European Molecular Biology Laboratory, European Bioinformatics Institute

Jennifer Raff

Department of Anthropology, University of Kansas.

Adam Rutherford

Genetics, Evolution & Environment, University College London

Aylwyn Scally

Department of Genetics, University of Cambridge

What do we need to know in the Life Sciences?

Understanding how life works has been a goal of science since its inception. Many scientists do this for intellectual curiosity – the desire to simply understand and know the natural world around us. Other scientists are driven by the application of knowledge to different areas – applications of human health, agriculture, and the care of the environment.

Life is based ultimately on the chemistry of molecules, but shaped by evolution over billions of years into such staggering feats of organisation that the chemistry of these molecules can have these thoughts, transcribe them and share them with you via the chemistry of your molecules. It is quite remarkable. Necessity requires us catalog these molecules and chemistry, and conceptualise them into the key parts of these complex systems we call organisms – and so we have genomes, RNAs, proteins, organelles, cells, tissues, organs, physiology and individual organisms. These organisms interact to gain energy, matter, reproduce and live in ecosystems. Although life is “just” chemistry, the organisation of this chemistry is ultimately about the control of information over time – control such that one can reproduce the similar organisms in the future, and furthermore, control in humans and other selected species of ideas which we can transmit between individuals.

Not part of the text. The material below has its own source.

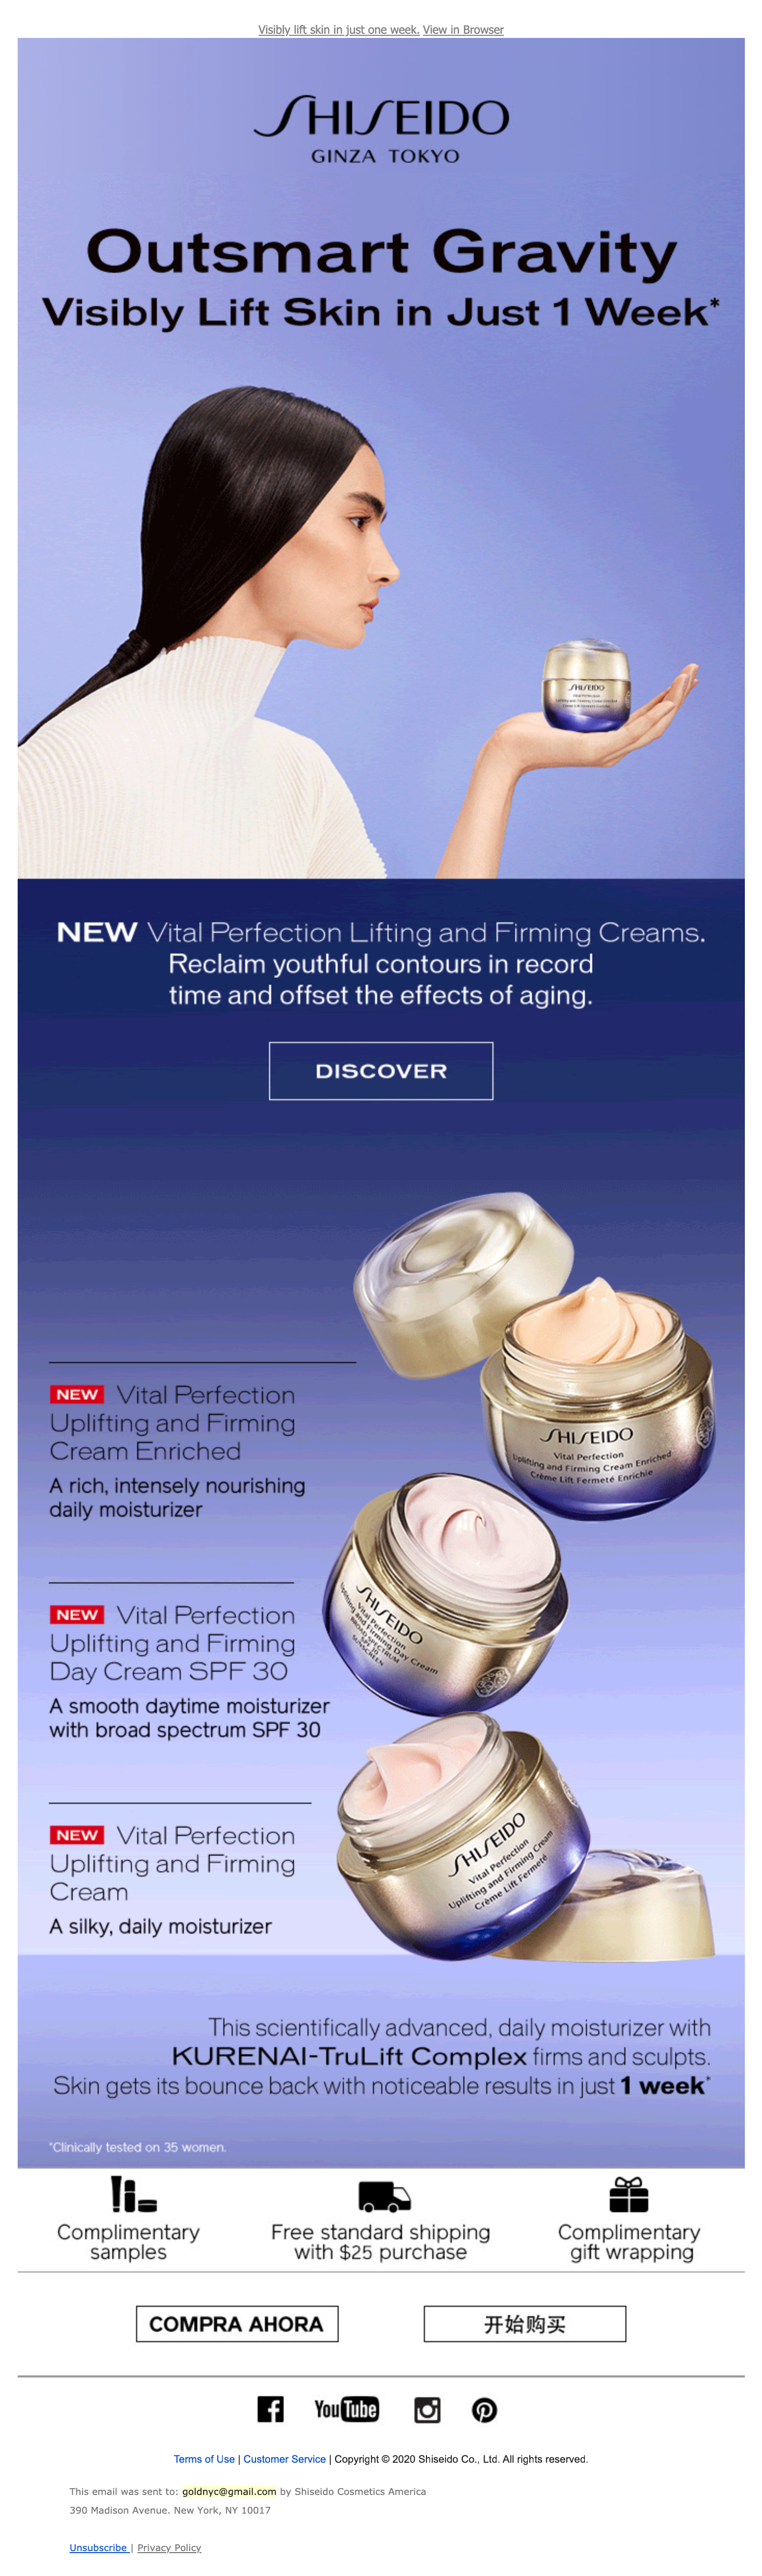 shiseido email 1.png

There is a rich vein of philosophy to mine here – what is life? what are the key features of life that distinguish it from other types of chemistry? (I know my colleague Alvis Brazma is writing an excellent book on this). But I want to focus on a different thread – what do we need know? How big is the knowledge we need to have to understand life?

Catalogs and Mechanism

I will take a simplifying and undoubtly only partially correct viewpoint. There are two broad types of knowledge in the life sciences we need – catalogs and mechanisms.  We need catalogs of things – ultimately these are catalogs of atoms in specific (though sometimes hard to define) configurations but we nearly always form higher level reasonably robust concepts that are many times higher in scale; the concept of a “cell” is one such thing to catalog. Cells – membrane bound collections of biological molecules – are clearly a useful and robust object in much of life – immune cells, hepatocytes, fibroblasts, keratinocytes are useful, recognisable pieces of organisation and themselves building blocks for further catalogs. The concepts of life though are not as neat and tidy as the periodic table of elements – how does the early drosophila embryo with its syncetium and gradients map to the concept of a cell? Is the membrane bound sendai virus “a cell” and if it is not, what is the different to the red blood cell? We should be comfortable that in biology there are not tidy edges to our useful concepts – biology is allowed to leverage any aspect of chemisty to its own end – and these frayed edges in the conceptualisation of biology is part of our science – to be celebrated not hidden and certainly not invalidating the core concepts.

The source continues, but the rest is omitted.